Here is the data frame这是数据框
my_df = pd.DataFrame({
'id': ['a', 'b', 'b', 'b', 'b', 'b', 'c','d'],
'date': ['2020/02/03', '2020/04/05', '2020/04/05', '2020/04/05','2020/04/06', '2020/04/06', '2020/12/15', '2020/06/23'],
'arriving_time': ['14:36:06', '08:52:02', '08:53:02', '08:55:24', '18:58:03', '19:03:05', '17:04:28', '21:31:23'],
'leaving_time': ['14:40:05', '08:52:41', '08:54:33', '08:57:14', '19:01:07', '19:04:08', '17:09:48', '21:50:12']
})
print(my_df)
output:
id date arriving_time leaving_time
0 a 2020/02/03 14:36:06 14:40:05
1 b 2020/04/05 08:52:02 08:52:41
2 b 2020/04/05 08:53:02 08:54:33
3 b 2020/04/05 08:55:24 08:57:14
4 b 2020/04/06 18:58:03 19:01:07
5 b 2020/04/06 19:03:05 19:04:08
6 c 2020/12/15 17:04:28 17:09:48
7 d 2020/06/23 21:31:23 21:50:12
However there is two problems (that I don't manage to solve myself):但是有两个问题(我无法自己解决):
Here is the result I want to obtain这是我想要获得的结果
id date arriving_time leaving_time travelTime
0 a 2020/02/03 14:36:06 14:40:05 00:03:59
1 b 2020/04/05 08:52:02 08:52:41 00:05:12
2 b 2020/04/05 08:53:02 08:54:33 00:05:12
3 b 2020/04/05 08:55:24 08:57:14 00:05:12
4 b 2020/04/06 18:58:03 19:01:07 00:06:05
5 b 2020/04/06 19:03:05 19:04:08 00:06:05
6 c 2020/12/15 17:04:28 17:09:48 00:05:20
7 d 2020/06/23 21:31:23 21:50:12 00:18:49
As you can see, passenger b made two different travel on the same day, and I want to know compute how long each one of them last.如您所见,乘客 b 在同一天进行了两次不同的旅行,我想知道计算每一次旅行的持续时间。
I already tried the following code, which seems to work, but it is really slow (which I think is due to the large amount of rows of my_df)我已经尝试了下面的代码,它似乎有效,但它真的很慢(我认为这是由于 my_df 的行数很大)
for user_id in set(my_df.id):
for day in set(my_df.loc[my_df.id == user_id, 'date']):
my_df.loc[(my_df.id == user_id) & (my_df.date == day), 'travelTime'] = max(my_df.loc[(my_df.id == user_id) & (my_df.date == day), 'leaving_time'].apply(pd.to_datetime)) - min(my_df.loc[(my_df.id == user_id) & (my_df.date == day), 'arriving_time'].apply(pd.to_datetime))

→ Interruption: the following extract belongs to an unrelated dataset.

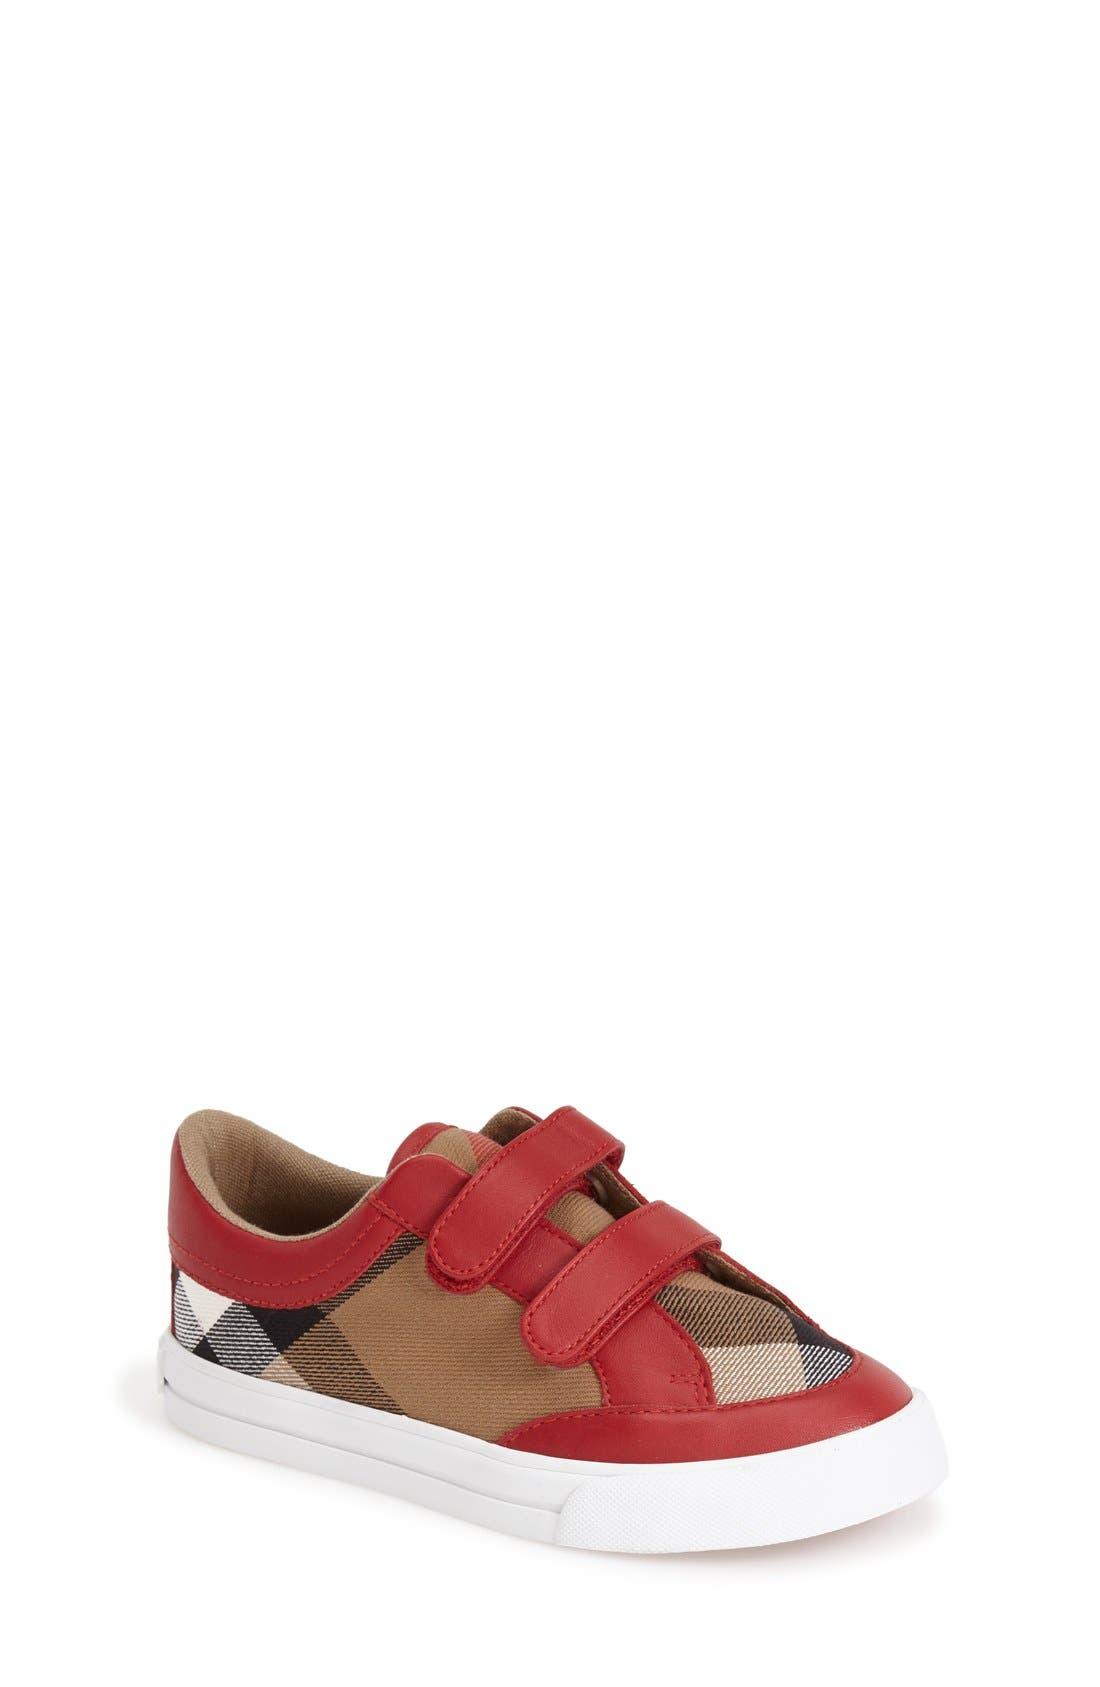 Mini Heacham Sneaker,                             Main thumbnail 1, color,                             Parade Red

I think for correct maximal and minimal values are converted columns to datetimes and then subtract Series
created by GroupBy.transform
:我认为正确最大和最小值转换列,日期时间,然后减去
Series
创建由GroupBy.transform
:
my_df['s'] = pd.to_datetime(my_df['date'] + ' ' + my_df['arriving_time'])
my_df['e'] = pd.to_datetime(my_df['date'] + ' ' + my_df['leaving_time'])
g = my_df.groupby(['id', 'date'])
my_df['travelTime'] = g['e'].transform('max').sub(g['s'].transform('min'))
print (my_df)
id date arriving_time leaving_time s \
0 a 2020/02/03 14:36:06 14:40:05 2020-02-03 14:36:06
1 b 2020/04/05 08:52:02 08:52:41 2020-04-05 08:52:02
2 b 2020/04/05 08:53:02 08:54:33 2020-04-05 08:53:02
3 b 2020/04/05 08:55:24 08:57:14 2020-04-05 08:55:24
4 b 2020/04/06 18:58:03 19:01:07 2020-04-06 18:58:03
5 b 2020/04/06 19:03:05 19:04:08 2020-04-06 19:03:05
6 c 2020/12/15 17:04:28 17:09:48 2020-12-15 17:04:28
7 d 2020/06/23 21:31:23 21:50:12 2020-06-23 21:31:23
e travelTime
0 2020-02-03 14:40:05 00:03:59
1 2020-04-05 08:52:41 00:05:12
2 2020-04-05 08:54:33 00:05:12
3 2020-04-05 08:57:14 00:05:12
4 2020-04-06 19:01:07 00:06:05
5 2020-04-06 19:04:08 00:06:05
6 2020-12-15 17:09:48 00:05:20
7 2020-06-23 21:50:12 00:18:49
For avoid new columns is possible use DataFrame.assign
Series with datetimes
:为了避免新列,可以使用
DataFrame.assign
Series with datetimes
:
s = pd.to_datetime(my_df['date'] + ' ' + my_df['arriving_time'])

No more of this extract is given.